Some time ago, I have created a few Wi-Fi networks that were working totally fine. I have also set up AdGuard Home. That was working totally fine too. A few days ago, I saw my Wi-Fi networks are working, but I have no access to the internet anymore. I have checked that all disk space on my router was used, so I thought that this may cause an issue somehow. I have checked my router and I spotted that I was never clearing AdGuard Home logs, so I have decided to remove the logs and restart AdGuard Home. While restarting, I have spotted, there is a dnsproxy error all the time:
2025/01/06 21:36:23.515724 [error] dnsproxy: exchange failed upstream=https://dns.google:443/dns-query question=";www.reddit.com.\tIN\t AAAA" duration=34.280154ms err="requesting https://dns.google:443/dns-query: Get \"https://dns.google:443/dns-query?dns=AAABAAABAAAAAAABA3d3dwZyZWRkaXQDY29tAAAcAAEAACkIAAAAgAAAAA\": tls: failed to verify certificate: x509: certificate has expired or is not yet valid: current time 2025-01-06T21:36:23Z is before 2025-01-20T08:37:58Z"

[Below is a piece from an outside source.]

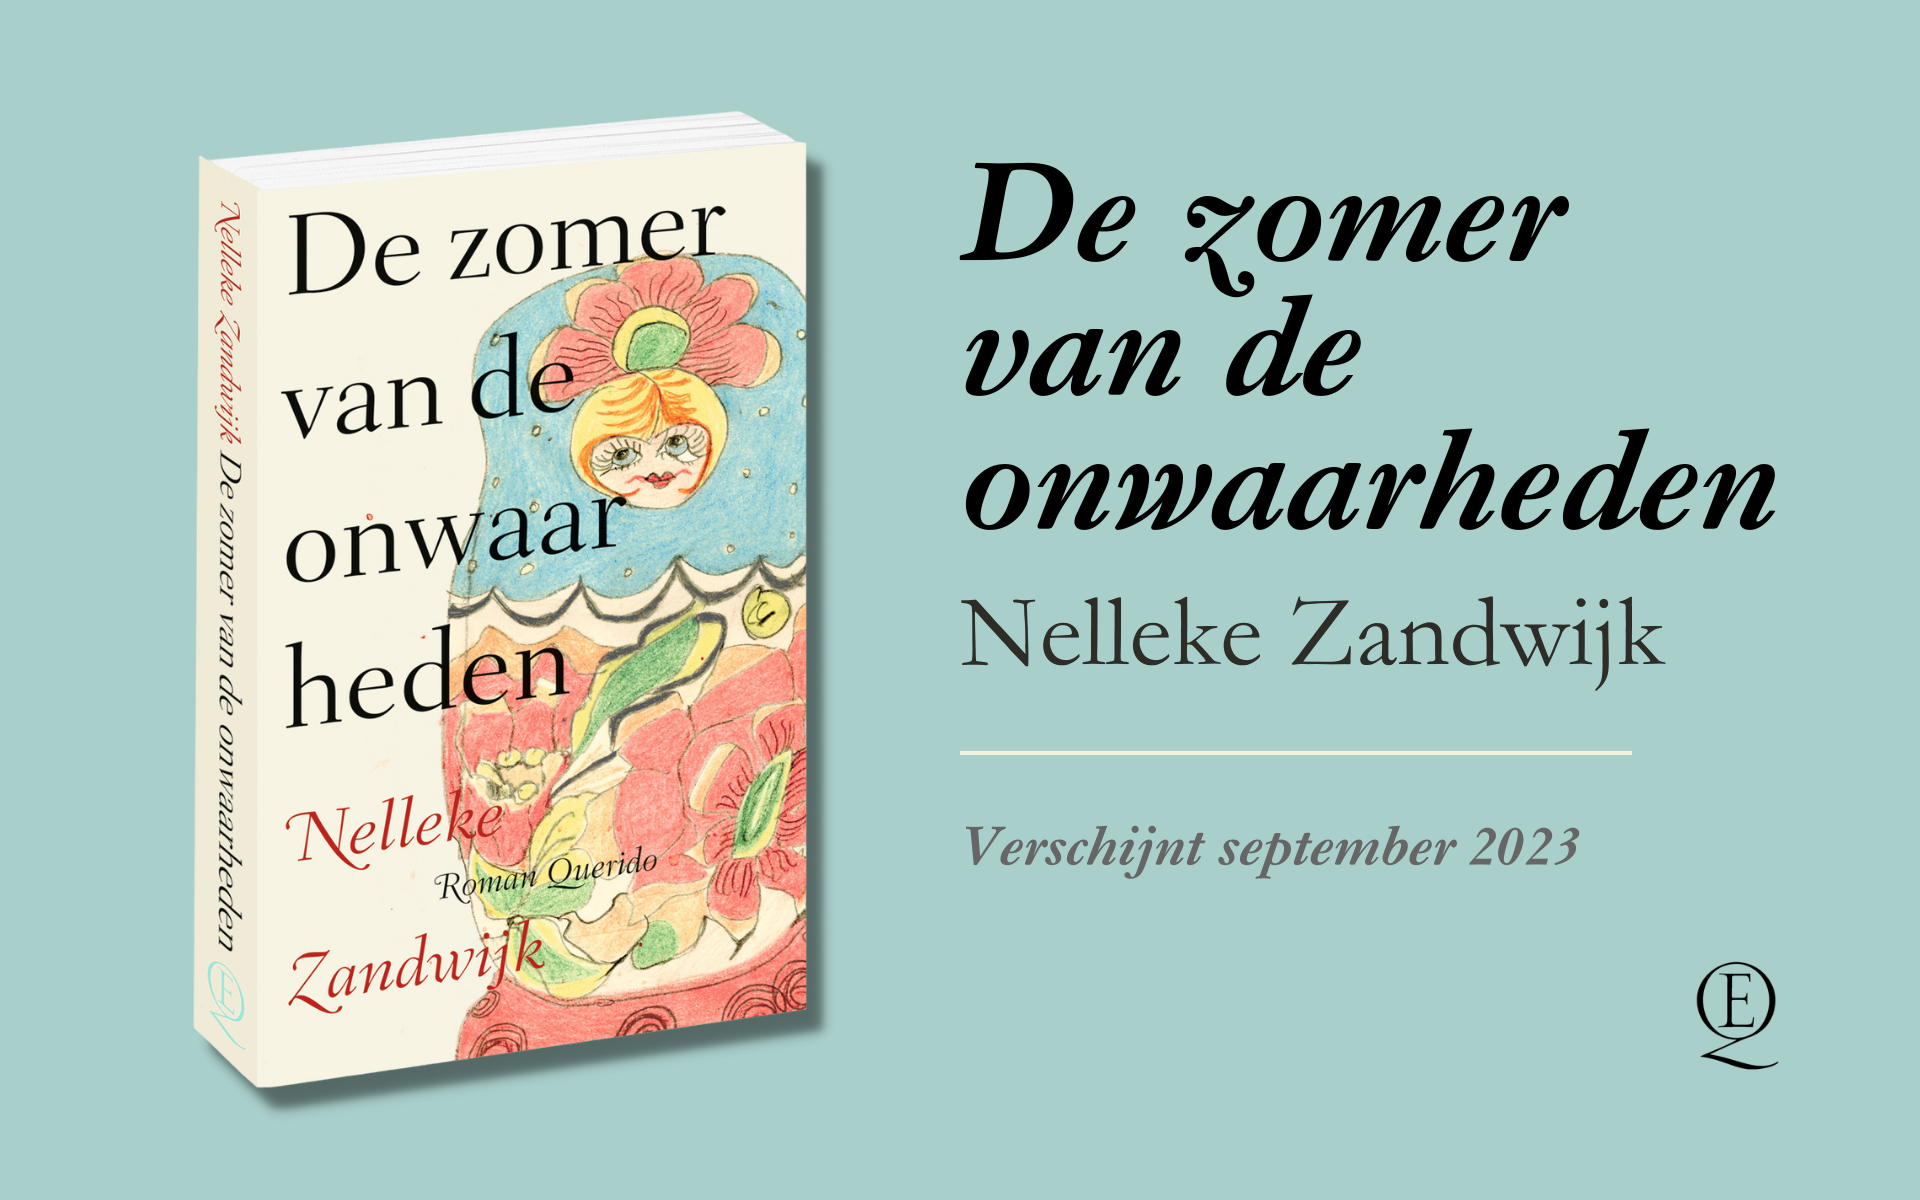 Nelleke Zandwijk

2025/01/06 21:36:23.520765 [error] dnsproxy: exchange failed upstream=https://dns.google:443/dns-query question=";www.youtube.com.\tIN\t AAAA" duration=32.014308ms err="requesting https://dns.google:443/dns-query: Get \"https://dns.google:443/dns-query?dns=AAABAAABAAAAAAABA3d3dwd5b3V0dWJlA2NvbQAAHAABAAApCAAAAIAAAAA\": tls: failed to verify certificate: x509: certificate has expired or is not yet valid: current time 2025-01-06T21:36:23Z is before 2025-01-20T08:37:58Z"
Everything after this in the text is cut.